One byte value. Bit i is set to 1 if i-th size of the group is encoded on a single byte. After the two flags values, each size is encoded according to its type:

•

same size In the case the same flag is set, then no size is stored, it equals the previous one.

•

size < 256 If size_flag is set to 1, then the read size is encoded as a single byte value.

•

size > 256 if both the same_flag and size_flag are set to 0 then the read size is encoded as a list of 16 bit unsigned integers. The size S is decomposed with the euclidian division S = QK + R, with K = 32768, and then stored as a list of Q+ 1 16 bit unsigned integers: Q times value 32768 and one time value R. This is a kind of prefix code tuned for small sequences.

The data section is then further compressed with zstd library, with implementation-dependent level.

Encryption

Overview

The ora format optionally supports encryption of the file with an hybrid scheme. Data sections are encrypted using a symmetric cipher, whose encryption key is stored in the file after encryption by an asymmetric cipher.

From the user perspective, the file is encrypted with an asymmetric scheme: a public key is used for encoding the file, and the associated private key is required to decipher and read the file. Internally, a new key K is randomly generated for the symmetric cipher for each new ora block, and this key is encrypted with the asymmetric cipher with the user provided public key and stored in the block. Data sections of the block are encrypted with the randomly generated key K. When reading the file, the key for the symmetric cipher is deciphered with the user provided private key, and use to decipher the data section with the symmetric cipher.

This scheme allows for the convenience of an asymmetric scheme for the user, while retaining the high speed of a symmetric cipher for the encryption of the file. The symmetric cipher used is AES with a 128 bit key, and the asymmetric cipher is RSA with 4096 bit key. Implementations of RSA and AES are those provided by the CryptoPP library¹.

Cipher keys

When the file is encrypted, the “crypto data” section hold the following data :

Field	Description	Type
RSA-digest	fingerprint of public RSA key	32 bytes
magic	ora magic string 0x7C49	uint16_t
aes	AES key	uint128_

Fields “magic” and “aes” are stored encrypted with RSA with the user-provided public key.
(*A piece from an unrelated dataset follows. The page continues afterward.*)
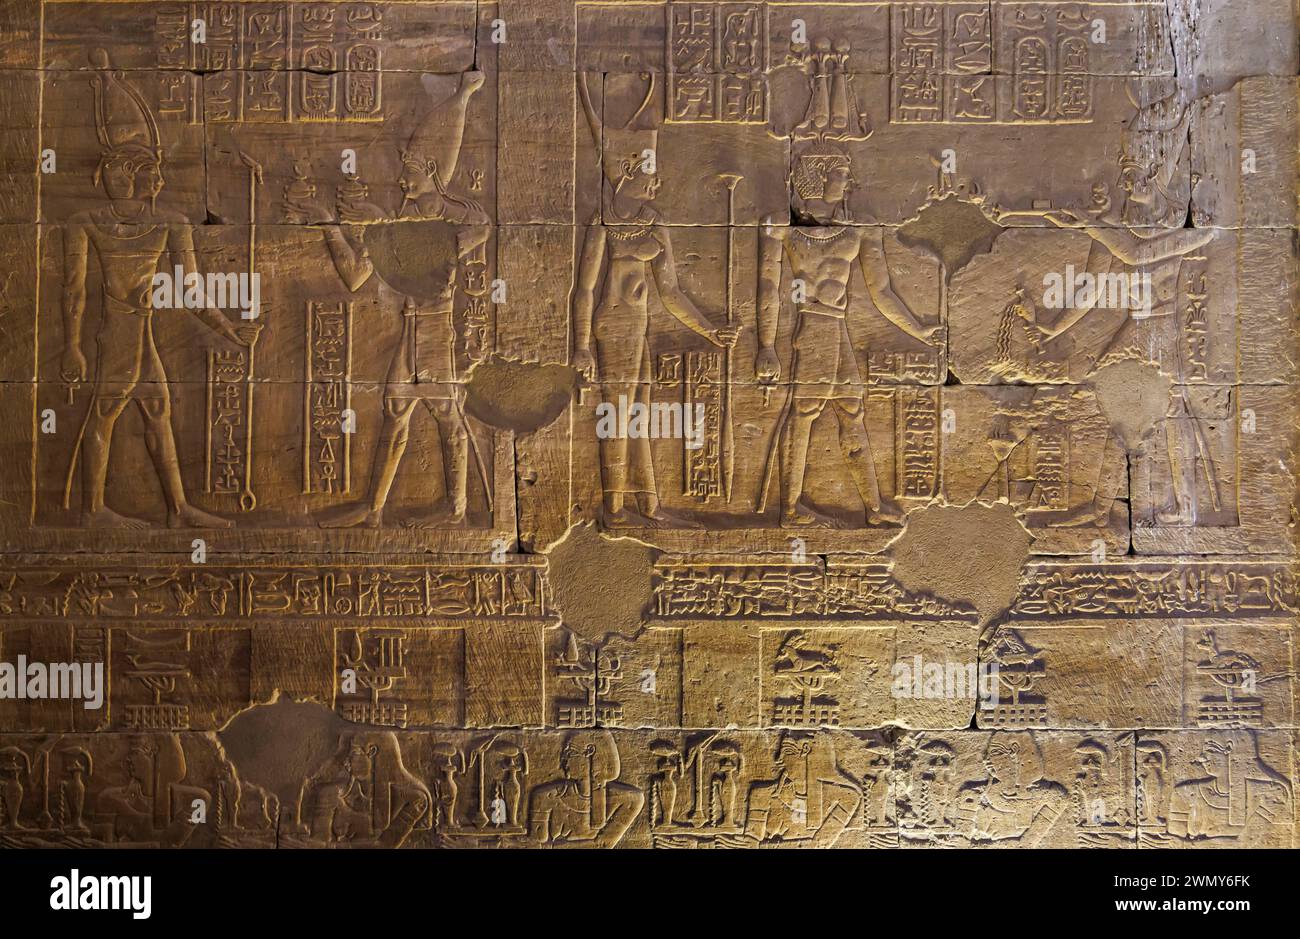 Egitto, Assuan, monumenti nubiani da Abu Simbel a file, patrimonio dell'umanità dell'UNESCO, tempio di Kalabsha, bassorilievo sul muro Foto Stock

A 32 bytes RSA-digest of the RSA public key used is stored in the file for user convenience. The ora magic string encrypted with RSA may be used as a quick test when trying to decrypt an encrypted ora file to check if the user provided private key is the correct one.

Encryption

When encryption is activated all data sections are individually encrypted with AES with a 128 bit key. The header of each ora block is not encrypted and contains in particular a flag specifying if the block is encrypted or not. Each block is encrypted with AES in CTR mode with a 128 bit initialization vector. Each data section has its own randomly generated initialization vector that is stored at the end of the data section.